Study Design and Population

The present study was a post hoc subanalysis of the HIJ-PROPER study. Briefly, the HIJ-PROPER study was a multicenter prospective randomized open-label blinded endpoint trial with an active-control design that compared 2 lipid-lowering treatment strategies and was performed across 19 Japanese hospitals.17 Between January 2010 and April 2013, 1,734 patients were randomized to receive aggressive lipid-lowering therapy (pitavastatin+ezetimibe) or conventional lipid-lowering therapy (pitavastatin monotherapy).

The present study enrolled participants from the HIJ-PROPER study for whom data regarding serum PUFA levels, including EPA and AA, at baseline and the 3-month follow-up were available. To investigate the relationship between changes in the EPA/AA ratio under lipid-lowering therapy other than PUFAs and cardiovascular events, patients prescribed PUFA supplements were excluded from the present study.

Laboratory tests at baseline were performed within 24 h of hospitalization. All laboratory analyses were performed exclusively at an external laboratory (SRL Inc., Tokyo, Japan).

Patient Grouping and Classification

The median (interquartile range [IQR]) percentage change in the EPA/AA ratio for the entire cohort from baseline to the 3-month follow-up was found to be 1.14% (−26.2%, 42.3%). Based on the median value, patients were divided into 2 groups: Group 1, patients with a change in the EPA/AA ratio <1.14%; and Group 2, patients with a change in the EPA/AA ratio ≥1.14%.

Study Endpoints

The primary endpoint was a composite endpoint of the first occurrence of one of the following: all-cause death, non-fatal myocardial infarction, non-fatal stroke, or unstable angina pectoris. Clinical outcomes were assessed over a 3-year follow-up period and were compared between the 2 groups. Furthermore, a comparison of the primary endpoint between the groups was performed based on whether patients had baseline serum triglyceride levels that were higher or lower than the median value (117 mg/dL; IQR 82–170 mg/dL).

Statistical Analysis

Continuous variables are reported as the mean±SD and non-normally distributed data are reported as the median with IQR. Categorical data are presented as absolute values and percentages. Comparisons between groups were made using Welch’s t-test, the Mann-Whitney U-test and Pearson’s Chi-squared tests for normally distributed continuous variables, non-normally distributed continuous variables, and categorical variables, respectively.

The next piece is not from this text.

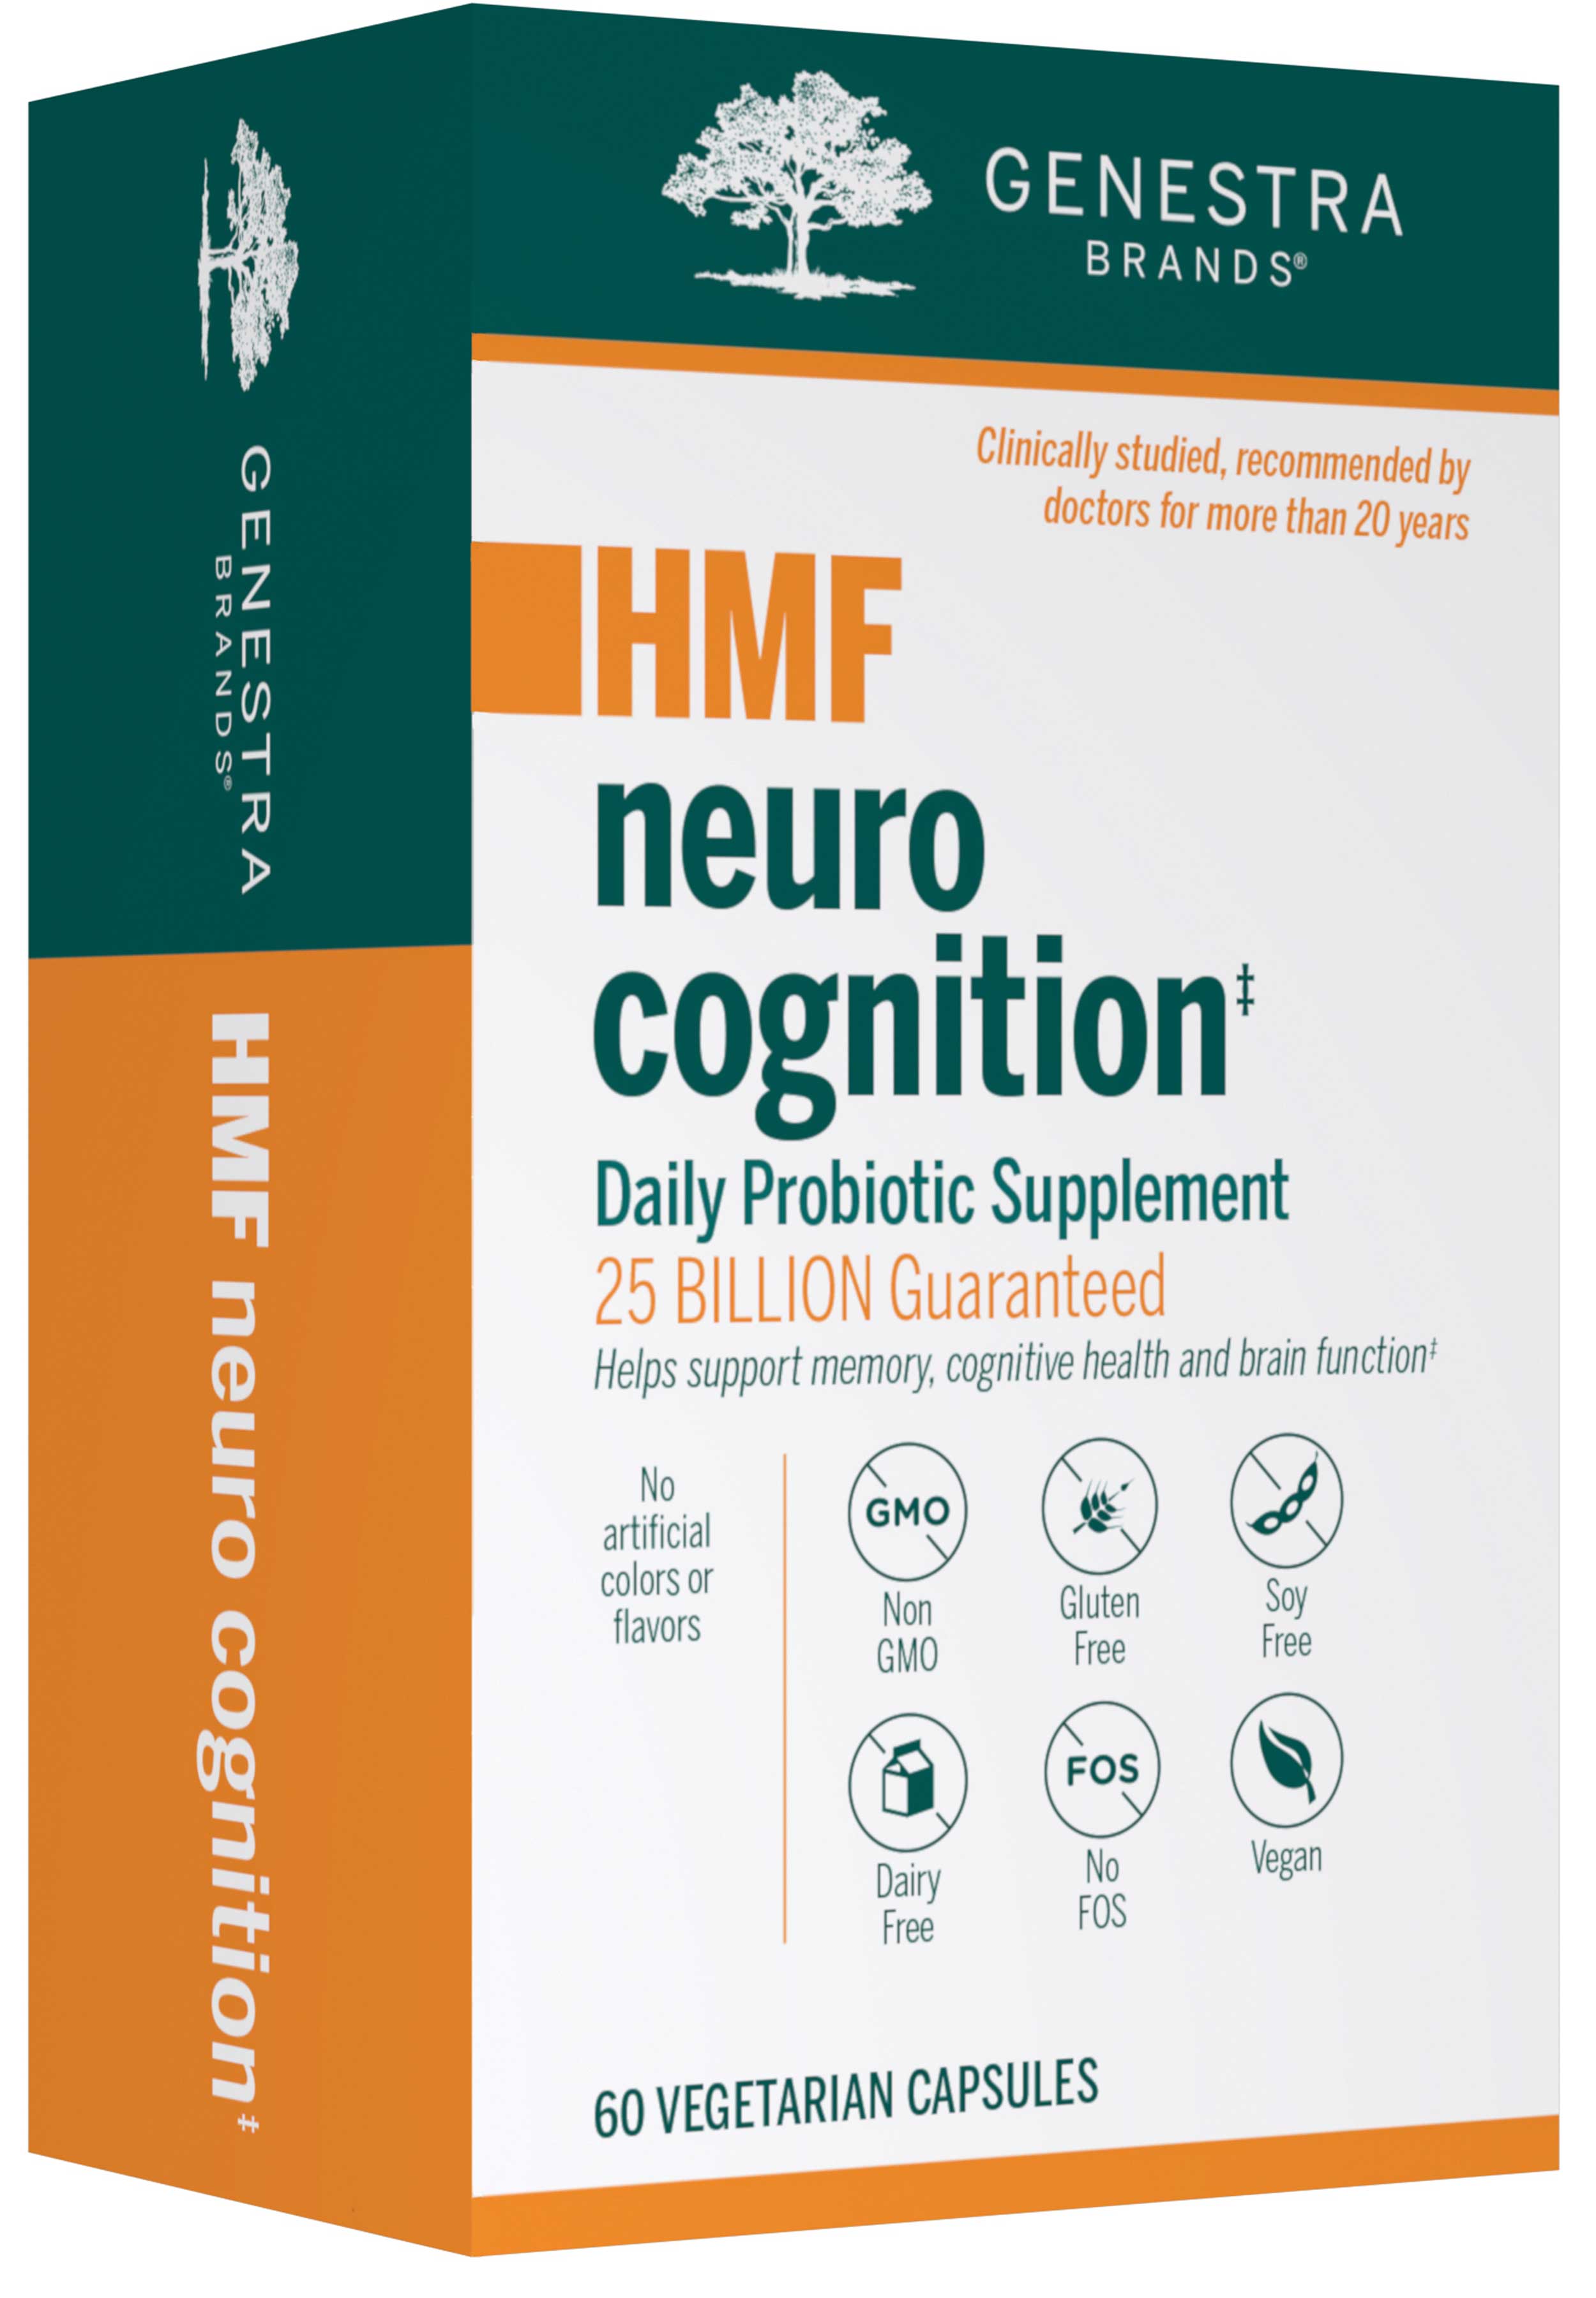 Genestra Brands HMF Neuro Cognition

The significance of the difference in the time-to-first occurrence of events between groups was analyzed using the Kaplan-Meier method with a log-rank test and a conventional Cox proportional hazards model. Kaplan-Meier analysis between groups was performed according to patients’ baseline serum triglyceride levels (i.e., higher or lower than the median value). Cox regression analyses were performed after adjusting for randomized treatment assignment, age, sex, body mass index, clinical presentation of ACS, medication, history of diabetes, hypertension, myocardial infarction, revascularization, baseline glomerular filtration rate, and baseline levels of high-sensitivity C-reactive protein (hs-CRP), high-density lipoprotein cholesterol (HDL-C), low-density lipoprotein cholesterol (LDL-C), and triglycerides. Unless stated otherwise, 2-sided P<0.05 was considered to indicate statistical significance. All statistical analyses were performed using statistics JMP Pro 14 (SAS Institute, Cary, NC, USA).

Ethical Considerations

All authors, external and internal, had full access to all data (including statistical reports and tables) in the study and take responsibility for the integrity of the data and the accuracy of the data analysis.

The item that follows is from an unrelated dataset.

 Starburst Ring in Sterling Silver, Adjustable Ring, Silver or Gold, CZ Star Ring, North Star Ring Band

The original study was conducted in accordance with the principles of the 1975 Declaration of Helsinki. The institutional review boards or the relevant ethics committees of each participating medical center approved the study protocol, and all patients provided written informed consent for trial enrollment. The original trial is registered with the UMIN Clinical Trials Registry (ID: UMIN000002742).

Results

Patient Enrollment

Of the 1,734 patients randomized in the HIJ-PROPER study, 13 patients were lost to follow-up. Thus, a total of 1,721 patients were analyzed in the original HIJ-PROPER study. In the present study, 43 patients who were treated with PUFA supplements during follow-up were excluded, as were 713 patients had no EPA/AA data either at baseline, the 3-month follow-up, or both. Thus, 965 patients were included in the present study (Supplementary Figure 1). Most baseline characteristics were balanced between patients excluded from the analysis and those included in the analysis (Supplementary Table), with the exception of the distribution of clinical classifications of ACS. In addition, patients excluded from the analysis used β-blockers more frequently.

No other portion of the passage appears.